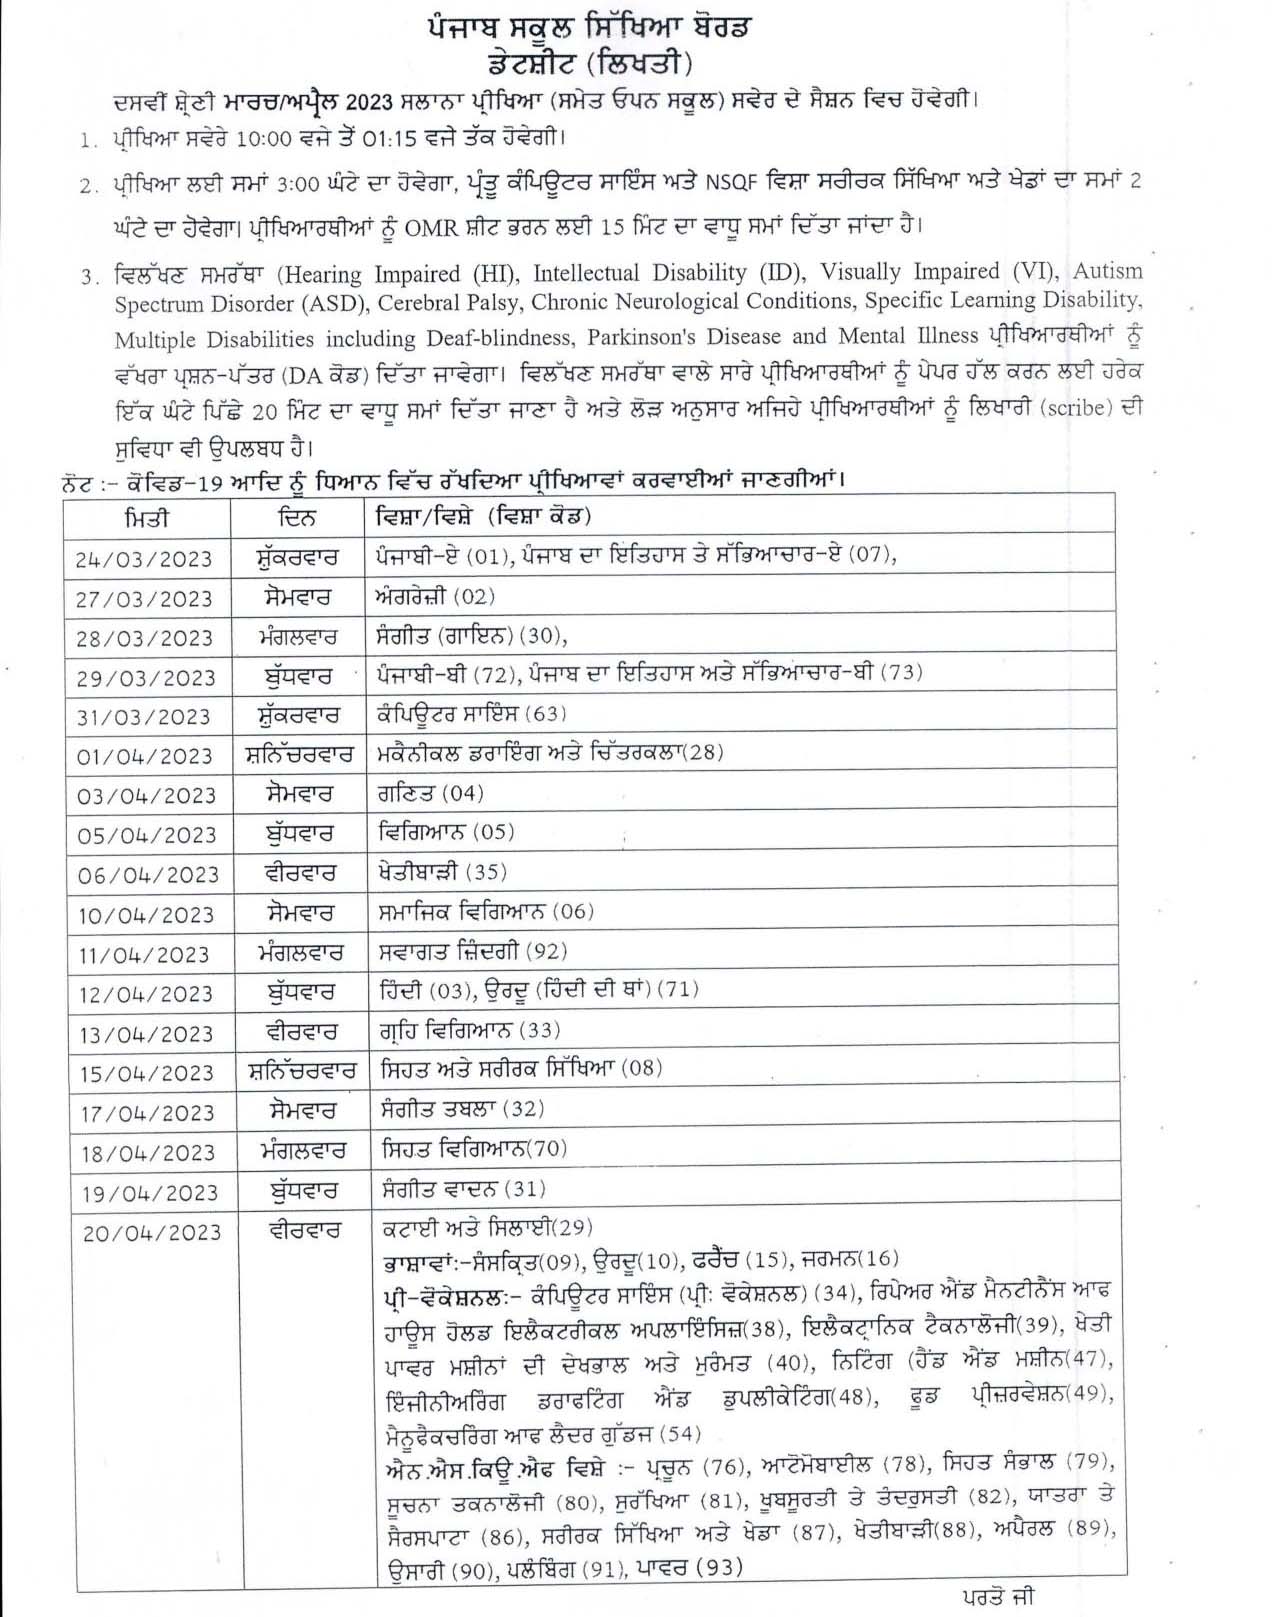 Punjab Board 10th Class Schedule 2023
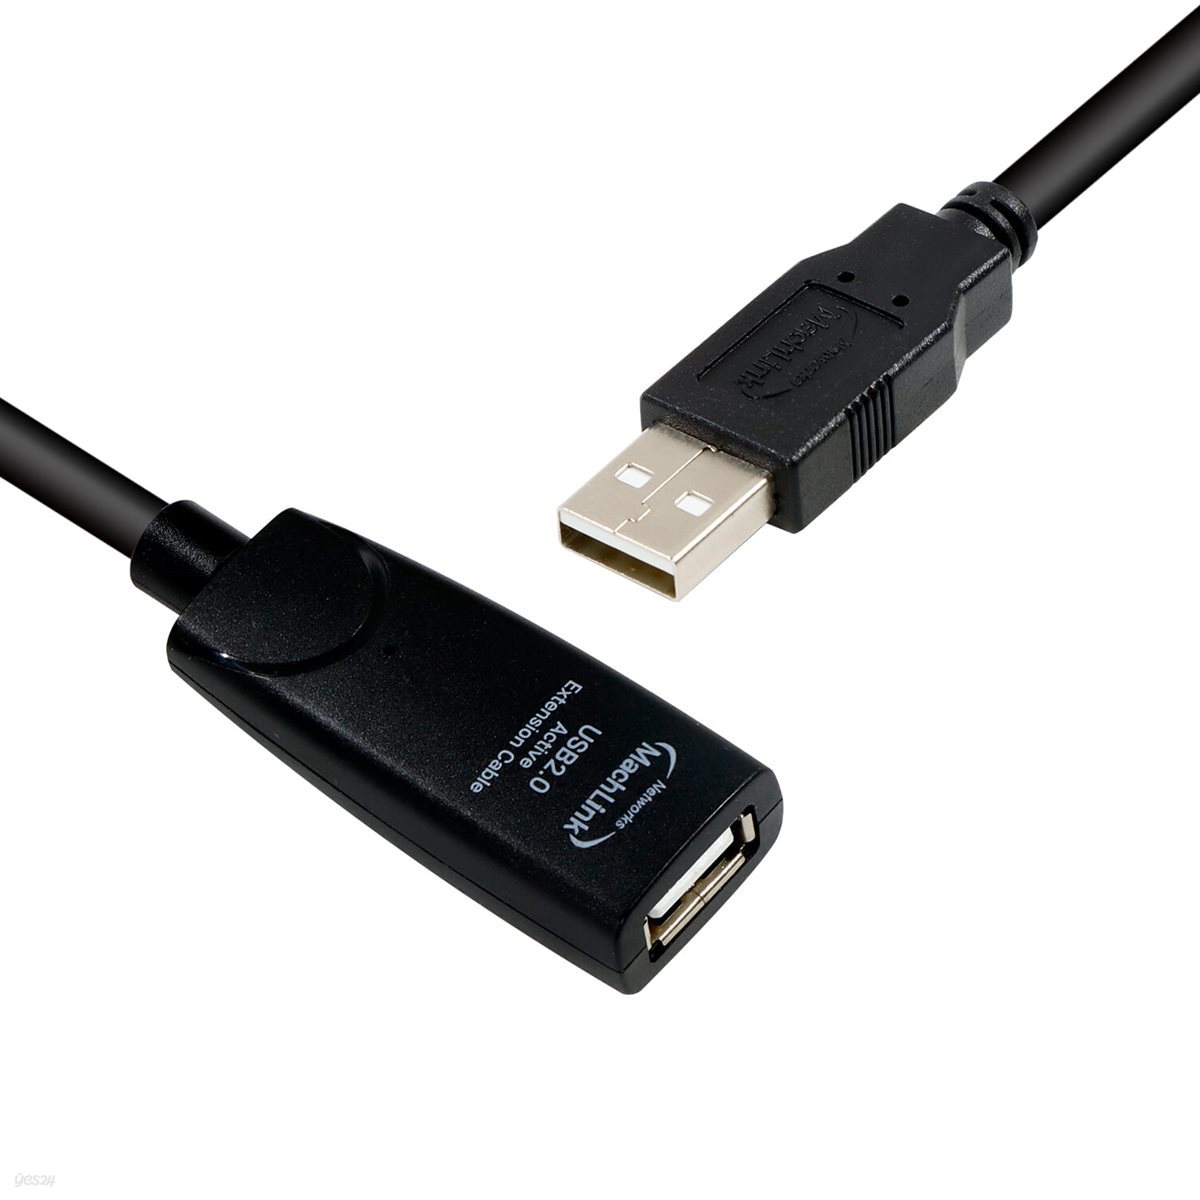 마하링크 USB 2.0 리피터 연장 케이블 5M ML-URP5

★ ★ ★ ★ ★ ★ ★

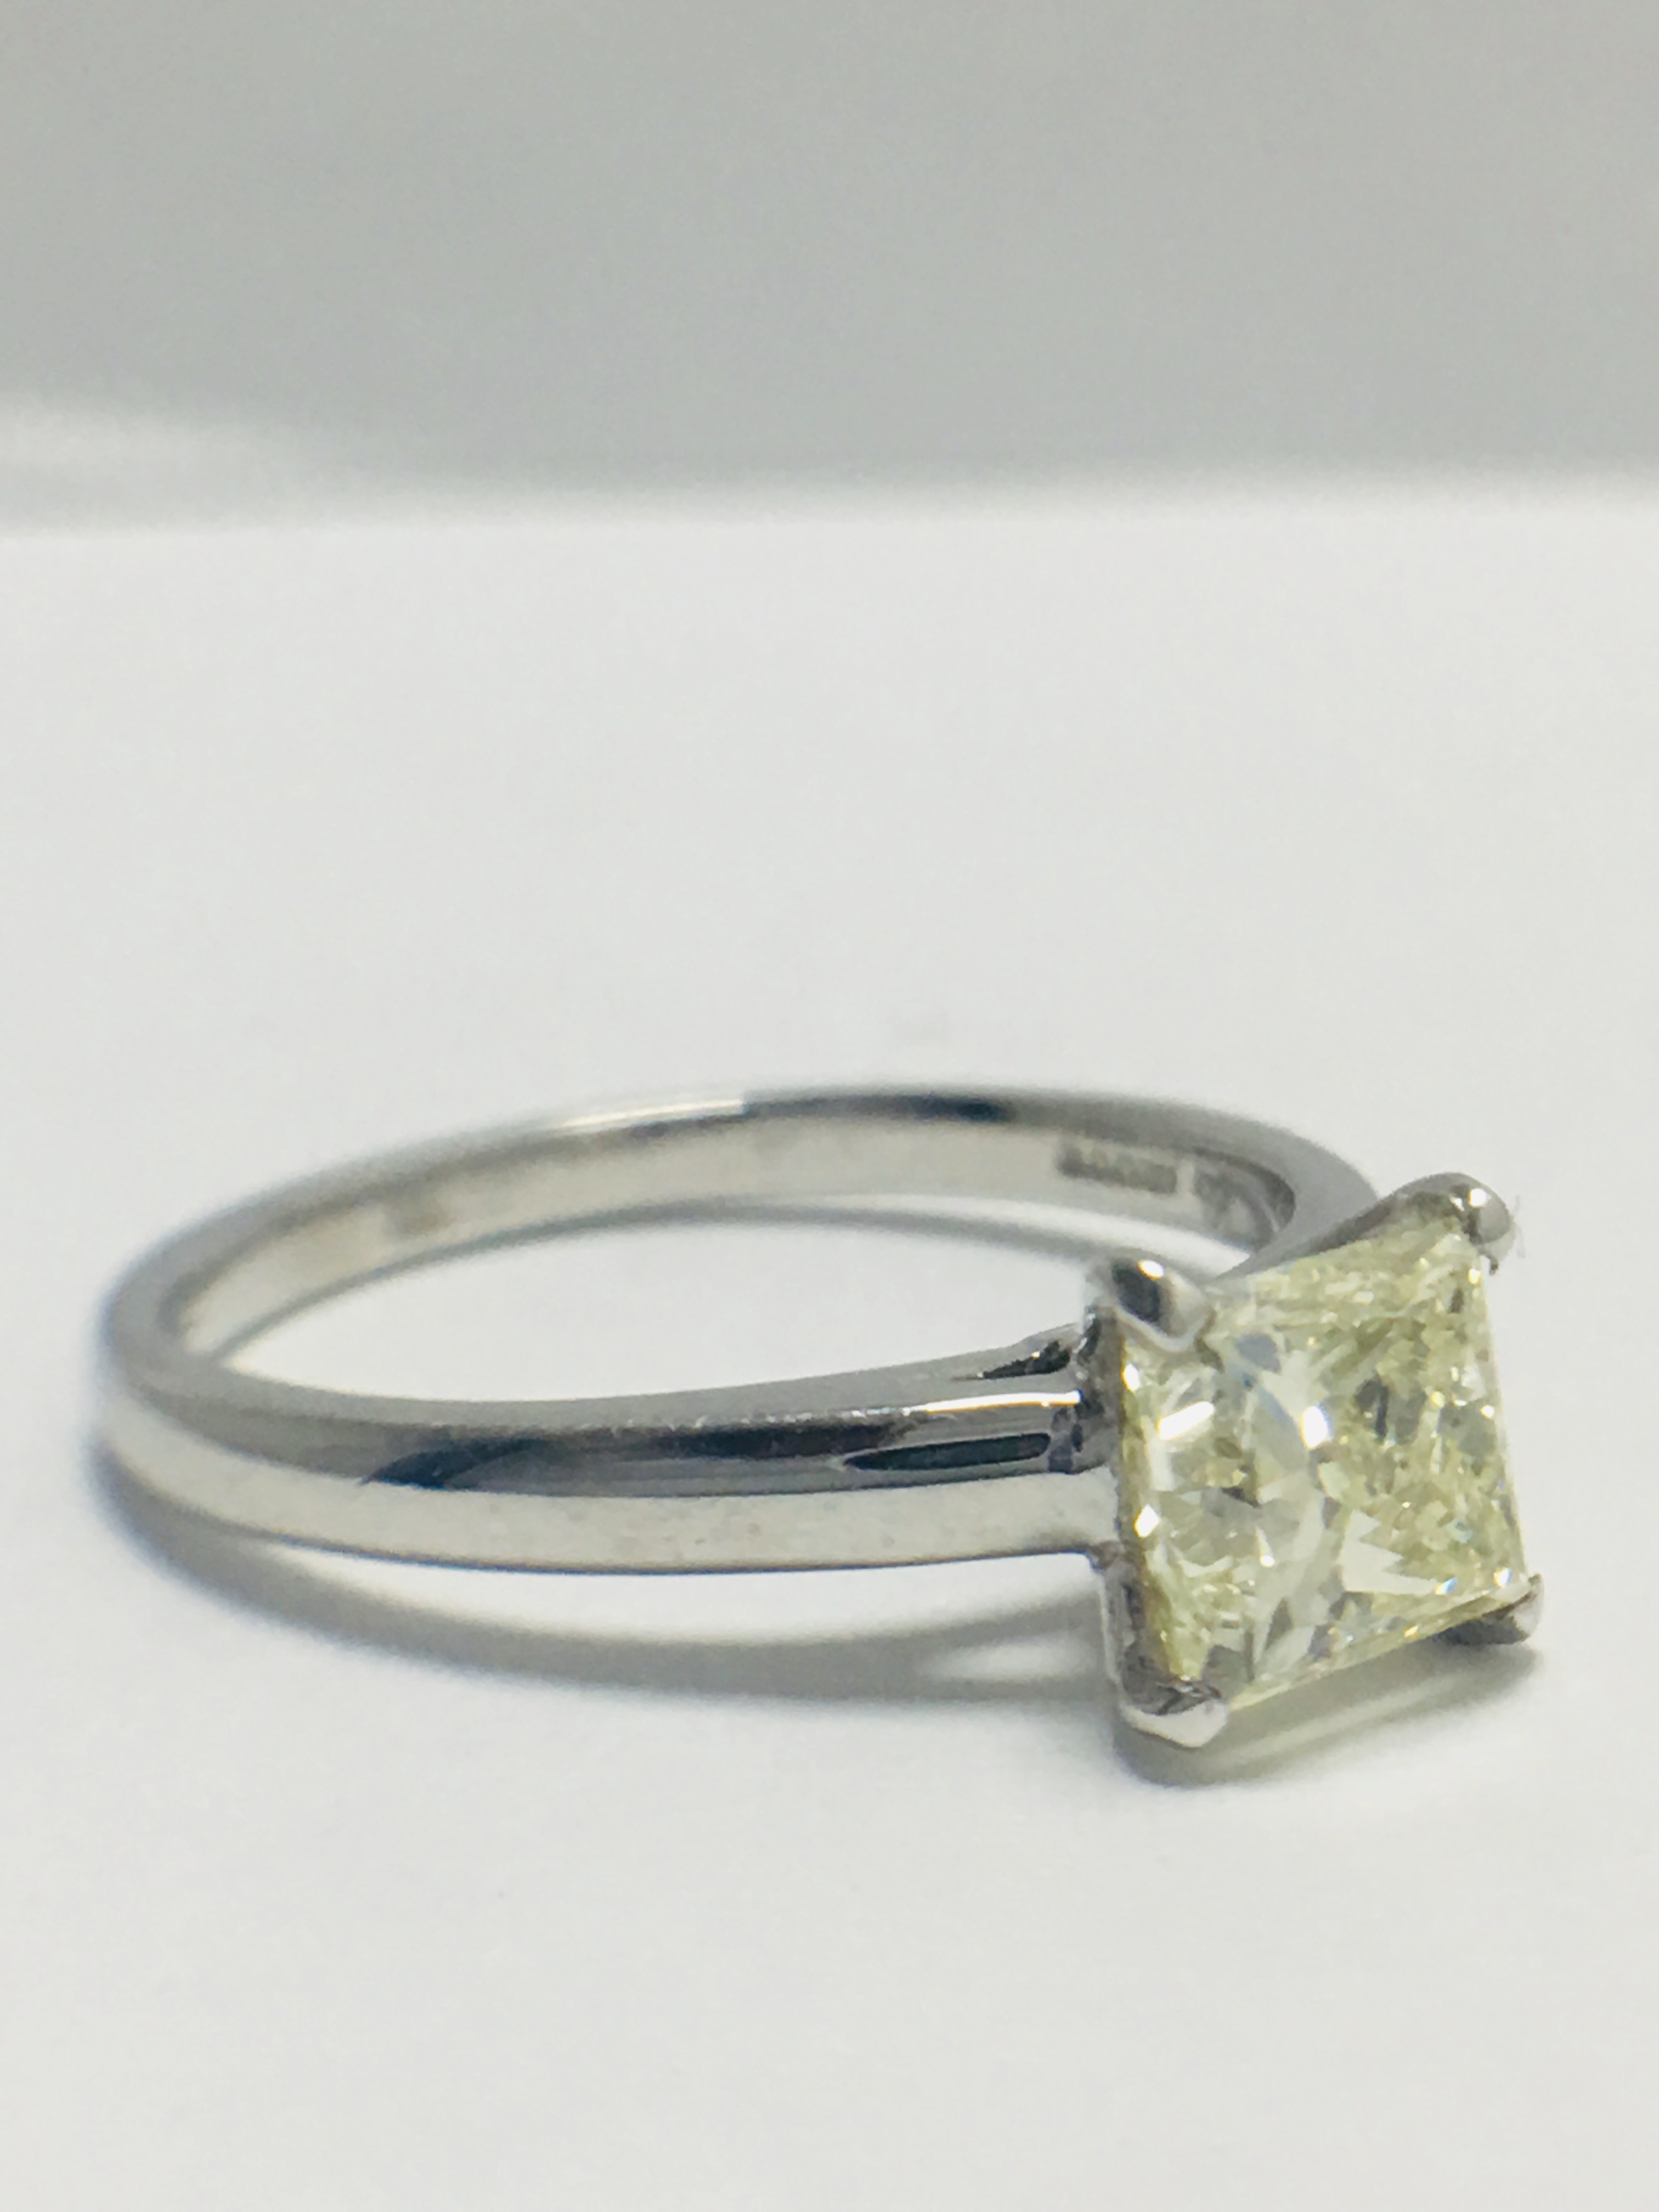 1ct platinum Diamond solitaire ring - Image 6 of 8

★ ★ ★ ★ ★ ★ ★

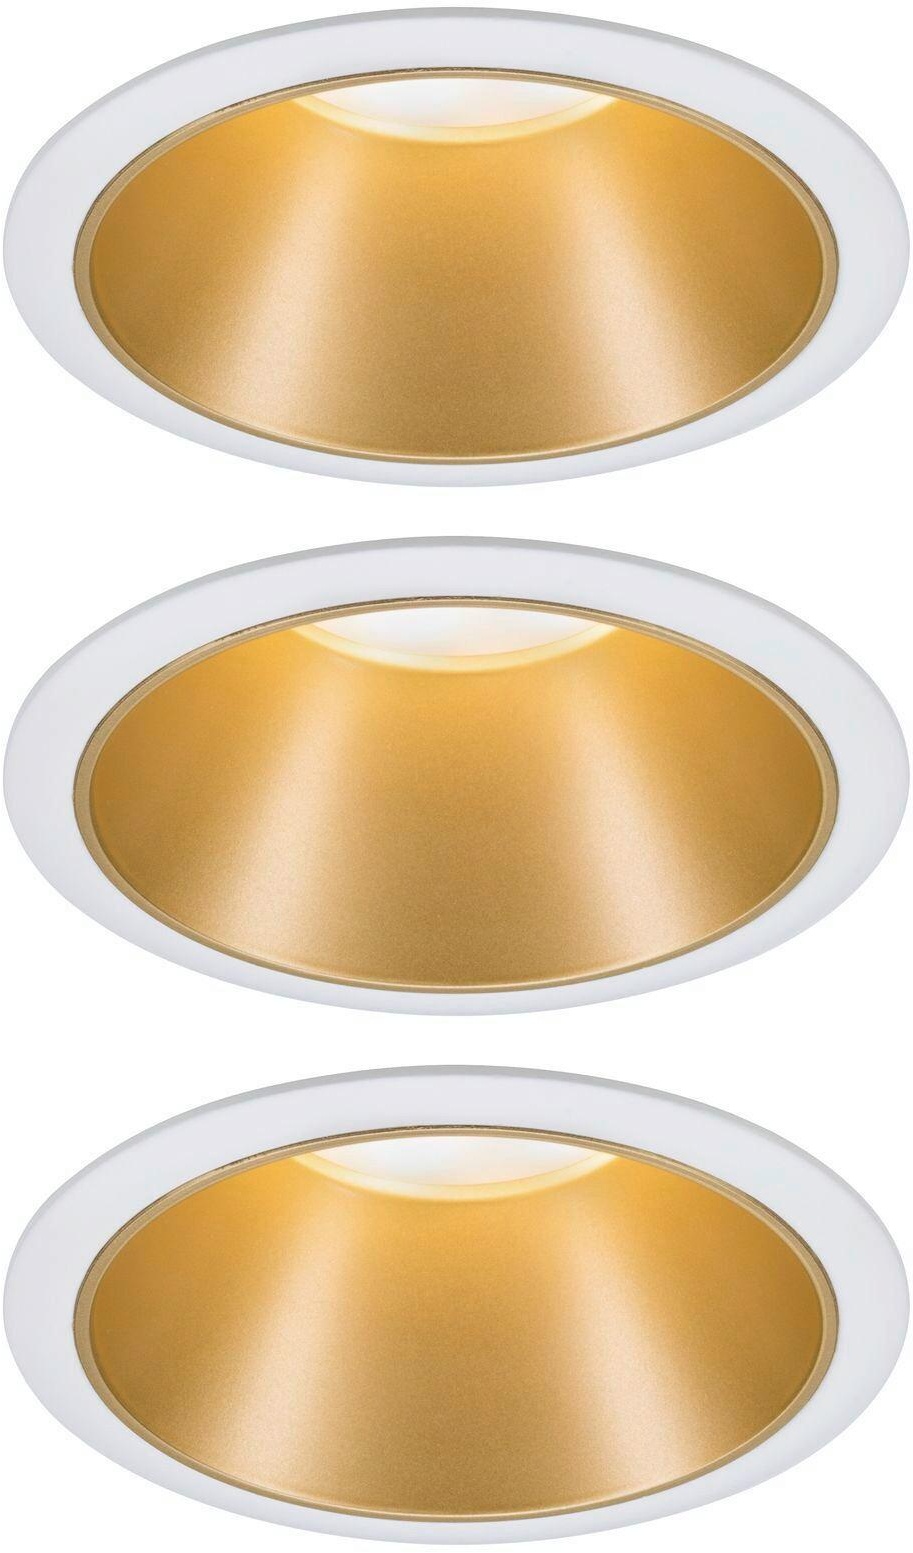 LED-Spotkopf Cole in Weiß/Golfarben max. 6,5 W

★ ★ ★ ★ ★ ★ ★

• Problem statement: Using the listing above, restate exactly the range between the lines holding "Punjab Board 10th Class Schedule 2023" and "마하링크 USB 2.0 리피터 연장 케이블 5M ML-URP5", inclusive, with pictures left out.

• Response to the task:
 Punjab Board 10th Class Schedule 2023
 마하링크 USB 2.0 리피터 연장 케이블 5M ML-URP5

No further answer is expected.